**GIVEN DATA:**
■ ■ ■ ■ ■
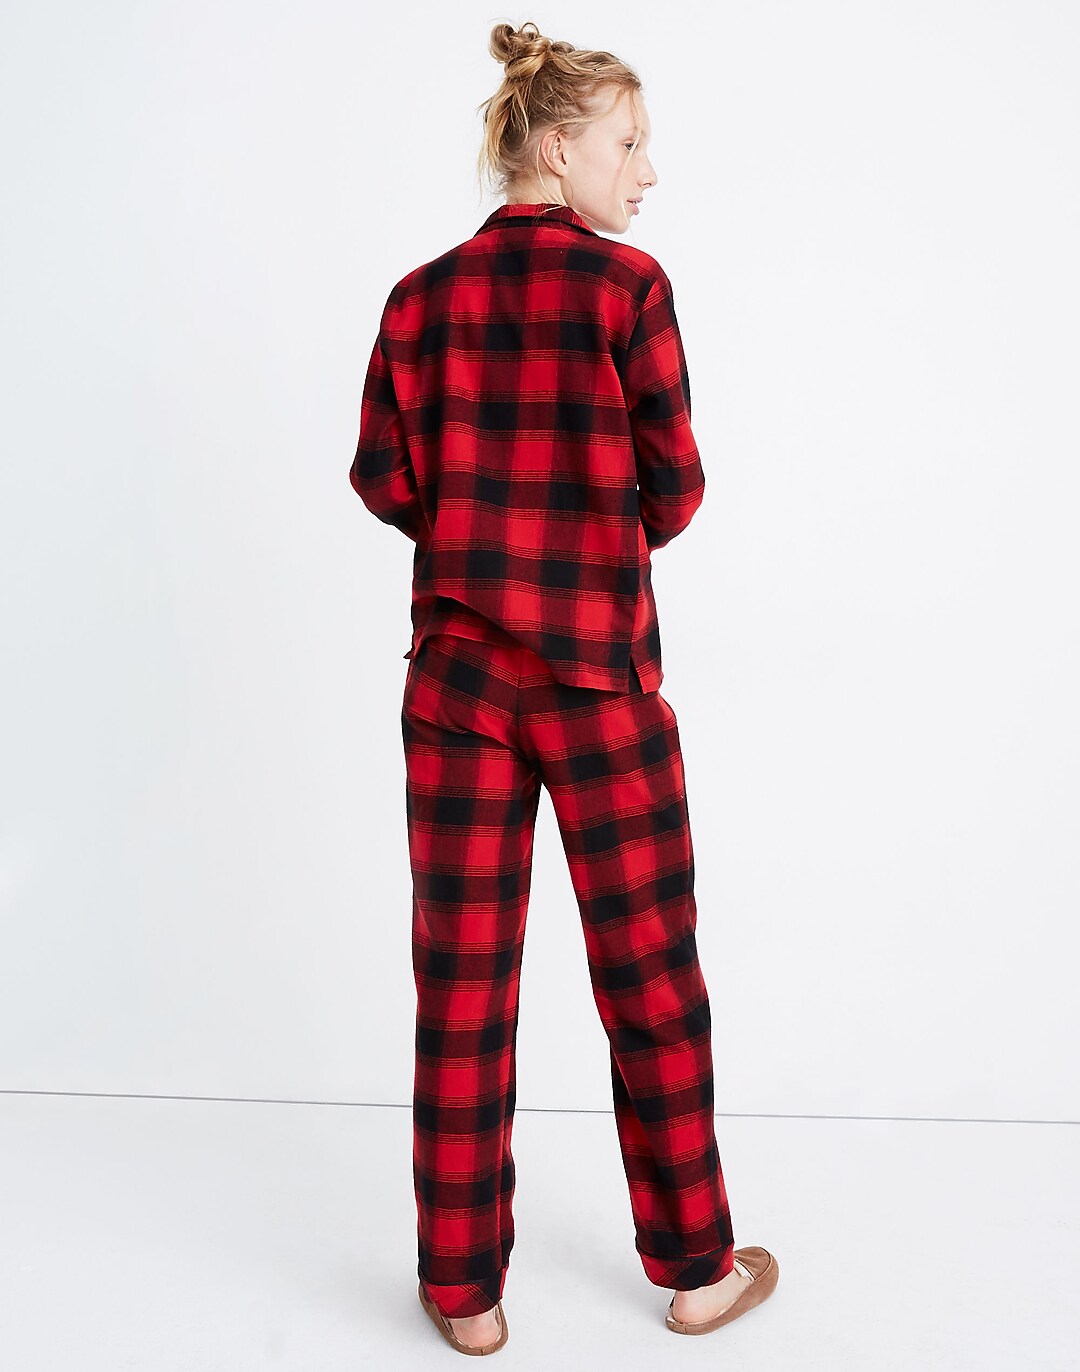 Flannel Bedtime Pajama Set in Buffalo Plaid
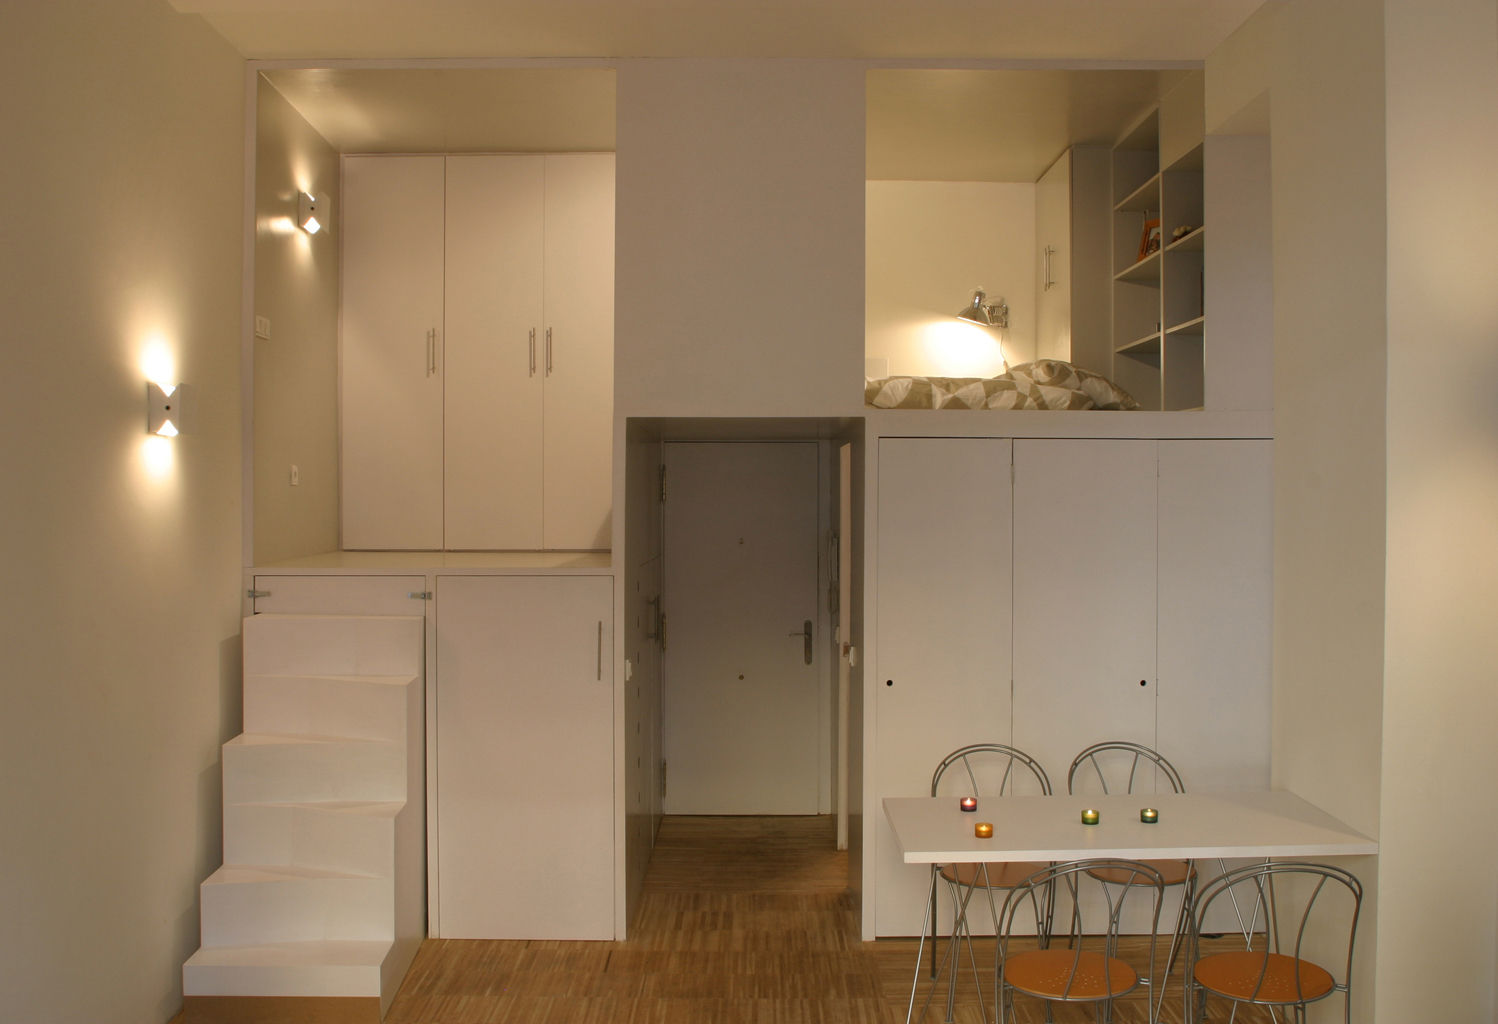 Loft DUQUE DE ALBA. Madrid Beriot, Bernardini arquitectos Comedores de estilo minimalista
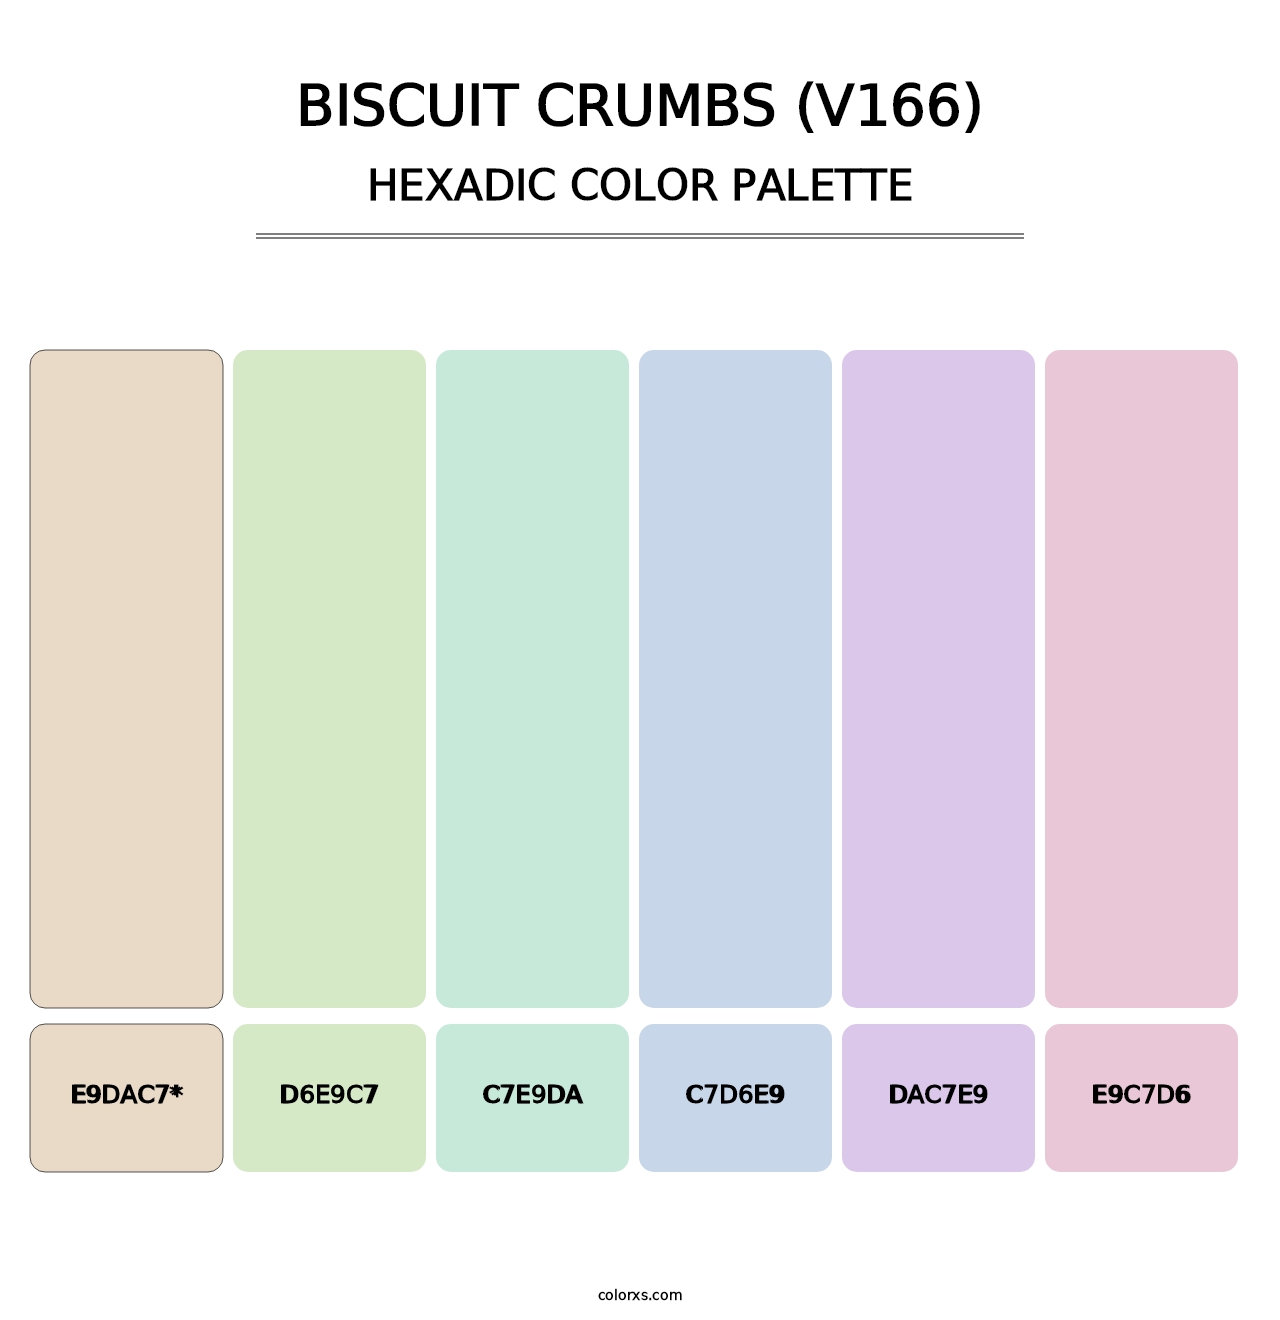 Biscuit Crumbs (V166) - Hexadic Color Palette
■ ■ ■ ■ ■
**EXERCISE AIM:** Each line above should be returned exactly as it stands, minus any pictures.

**FINISHED TASK:**
 Flannel Bedtime Pajama Set in Buffalo Plaid
 Loft DUQUE DE ALBA. Madrid Beriot, Bernardini arquitectos Comedores de estilo minimalista
 Biscuit Crumbs (V166) - Hexadic Color Palette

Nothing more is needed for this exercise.